Soranlara "Hala öğrenciyim" derken bundan hiç gocunmuyorum. Üniversitede, zorunlu staj dersimiz vardı. Gittiğim okulda, dersine girip gözlem yaptığım hocalardan biri bana "En iyi öğrenci, tahtanın önündeki öğrencidir." demişti; hakikaten de öyleymiş. Bir öğretmen, kendini her zaman bir öğrenci gibi hissetmeli. Çünkü, öğretmenin en büyük işlevi, bilgisini başkalarına aktarabilmesidir. Bunun için de

1) Öğretmen, bilgiye sahip olmalı,

2) Öğretmen, bilgiyi aktarma yöntem ve tekniklerine hakim olmalı.

Bunlar için de öğretmenin daima öğrenme işini yapıyor olması gerekir kanısındayım.

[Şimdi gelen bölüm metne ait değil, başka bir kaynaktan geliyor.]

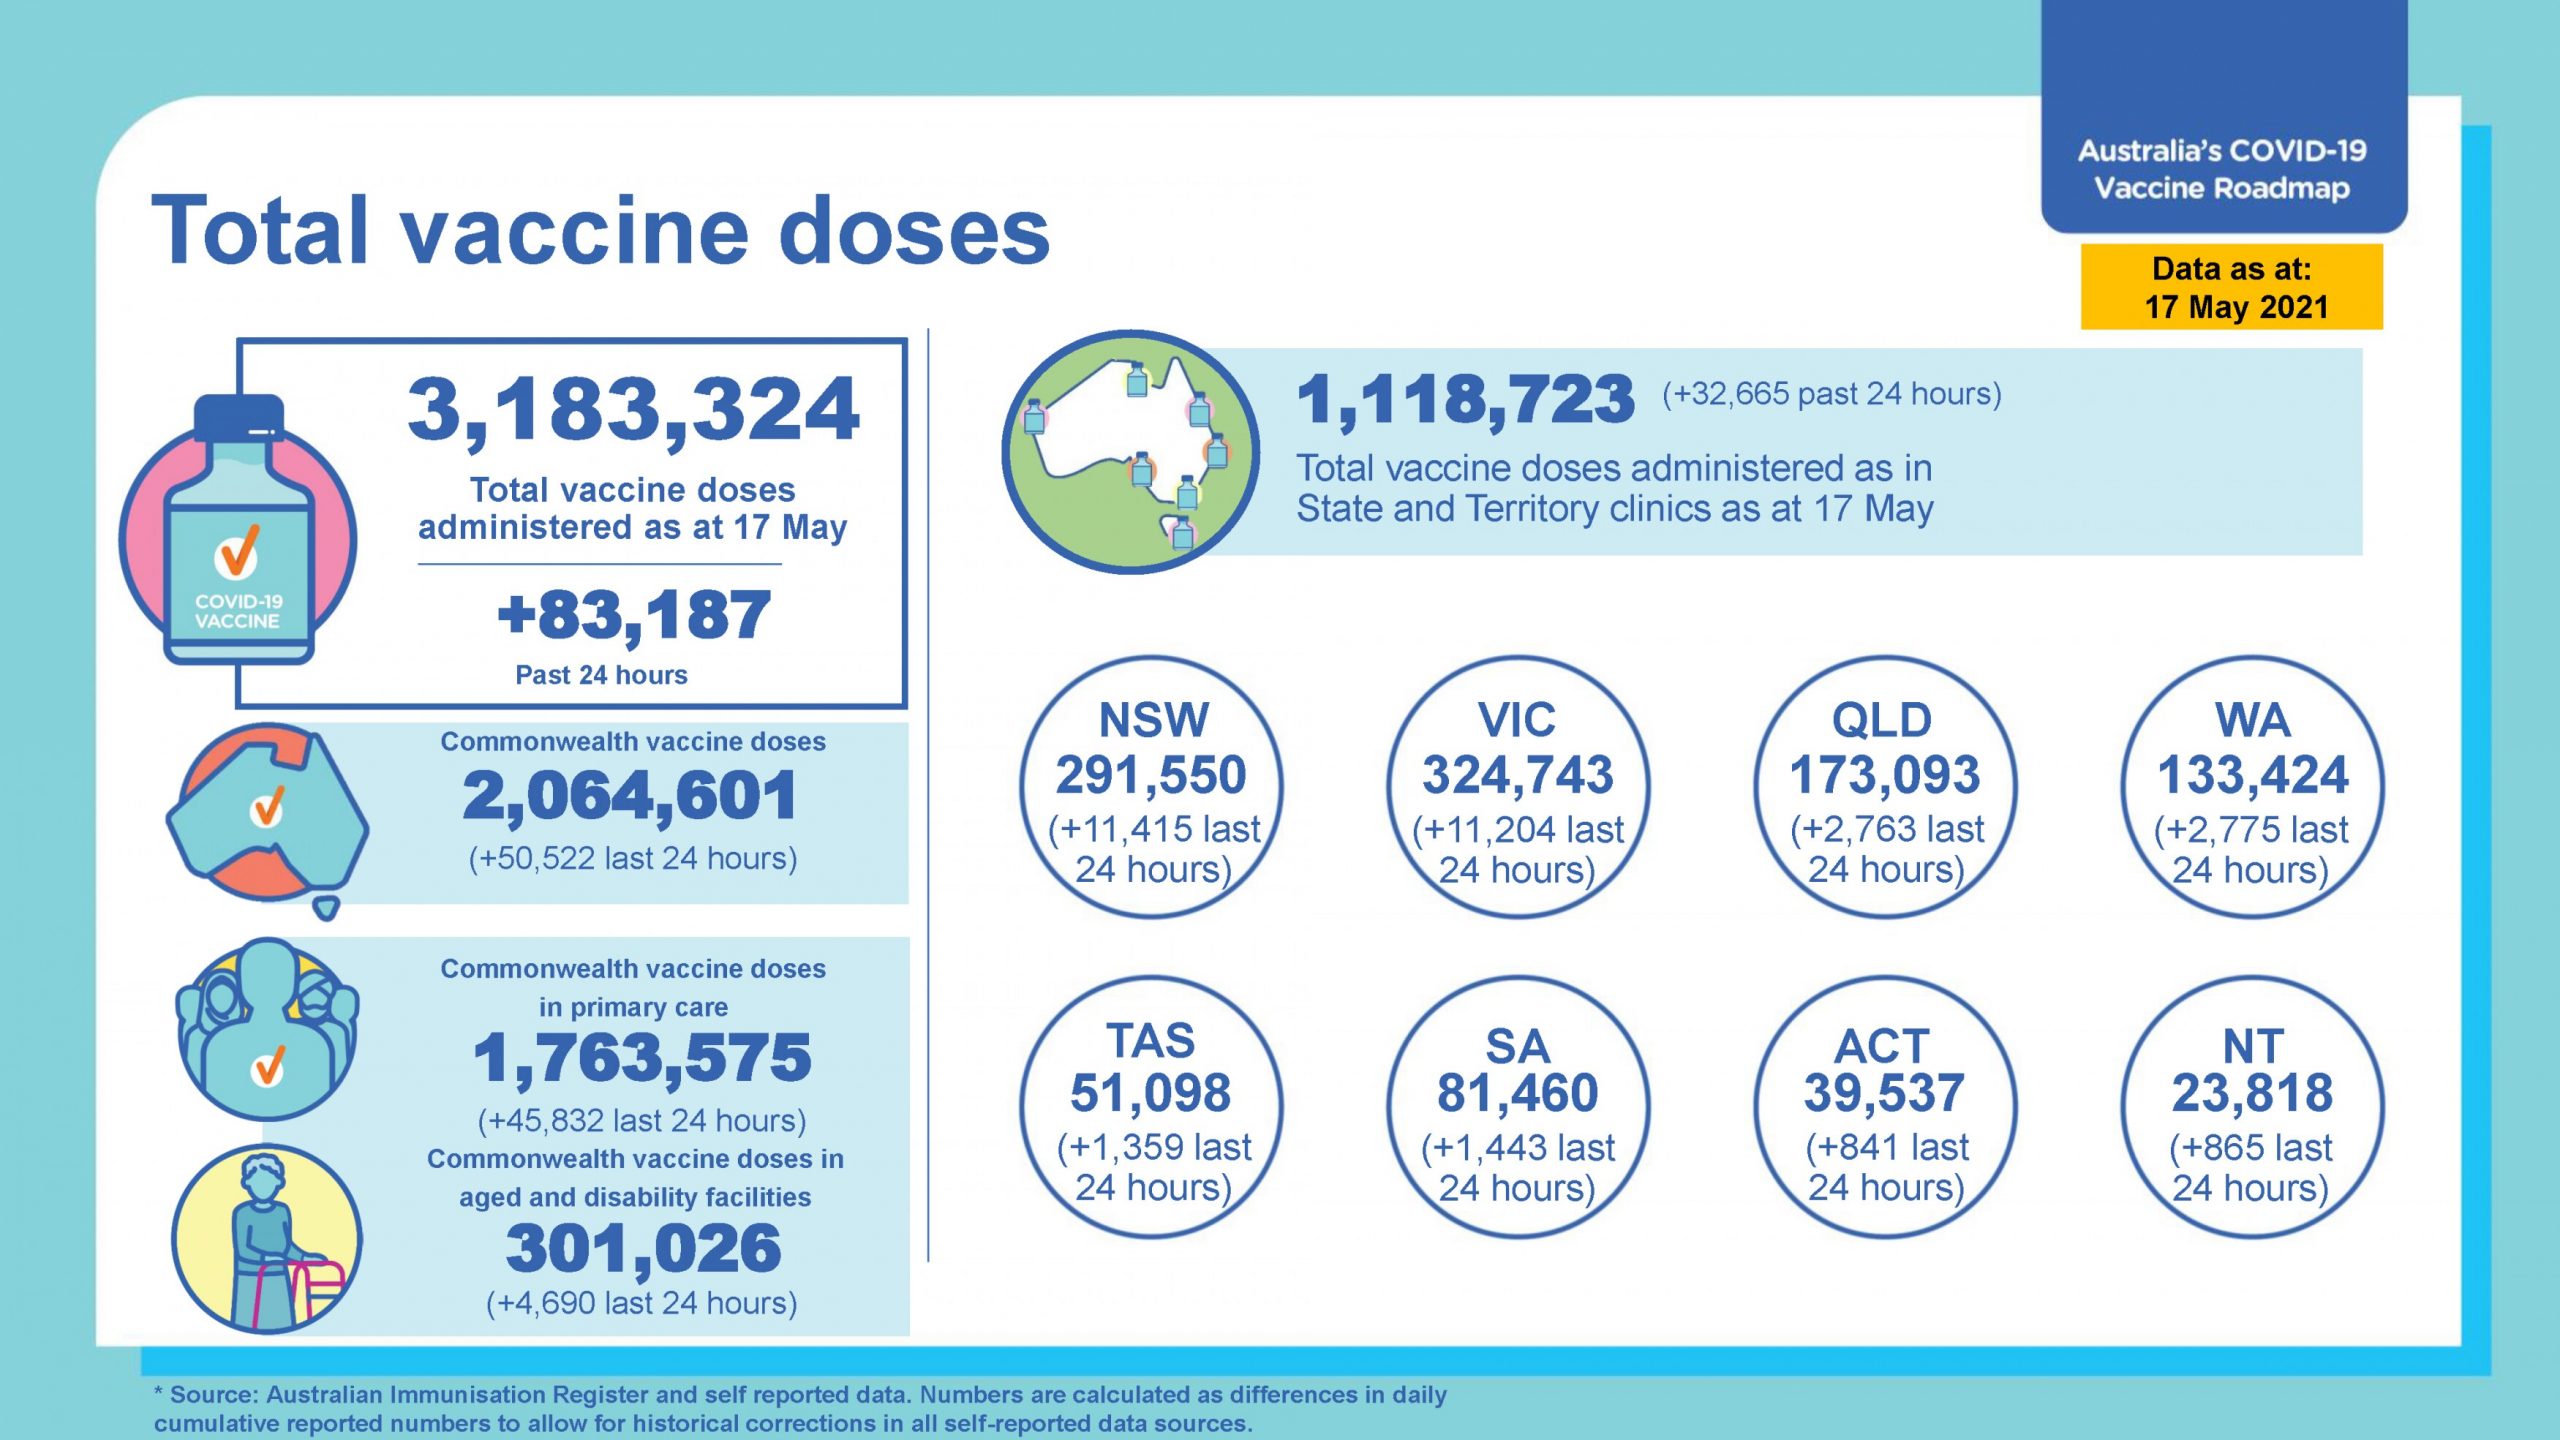 Vaccinations in Australia are now over 3 million

Dört yıl boyunca eğitim fakültesinden mezun olmak için canla başla çalışıp, öğretmenlik diploması aldığım halde KPSS engeline takılmış olmak beni her ne kadar bunaltsa da şu sıralar bir dersanede, öğrendiklerimi tekrar etmek, başkalarından öğrenmek ve onların öğretim yöntemlerine eleştirel gözle bakmak benim için çok iyi oluyor.

Evet, zaten yazılarının çoğunluğu İngilizce olan bloğumda belki de bir seneden beri ilk defa Türkçe yazı görüyorsunuz ve o da kısa oluyor. Ancak düşündüğüm, icat ettiğim, oynadığım, izlediğim, etkilendiğim, zırıl zırıl ağladığım o kadar yoğun şey var ki... Hepsini de yazmak görüntü kirliliği! Bu nedenle uzun zamandır ne yazarım, nasıl yazarım, yazmam şart mıdır diye kara kara düşündüm durdum. Biyonik Kedi ve Pelince'ye buradan çooook teşekkürler; uzun zamandır unuttuğum bloğumun varlığından beni haberdar ettikleri için. Onlar yorum göndermeseydi peeeeeeehhh... Blogmuş, yazıymış... Neeeymiiş? Bu vesilede hatırlatmada bulunan bu pek muhterem iki kişinin de neler yaptığına göz atma fırsatım oldu. Sevindim :)

NOT: Gecenin sürprizi (çünkü saat 01. 50 ve yazı ancak bitti)... Damien Rice'tan güzel bir şarkı armağan ediyorum: Amie. Bu şarkıyı linkte çıkan listede bulup üstüne tıklamanız yeterli. Elbette, listedeki diğer şarkılara da bakabilirsiniz.



En rüyası bol geceler sizlerin olsun!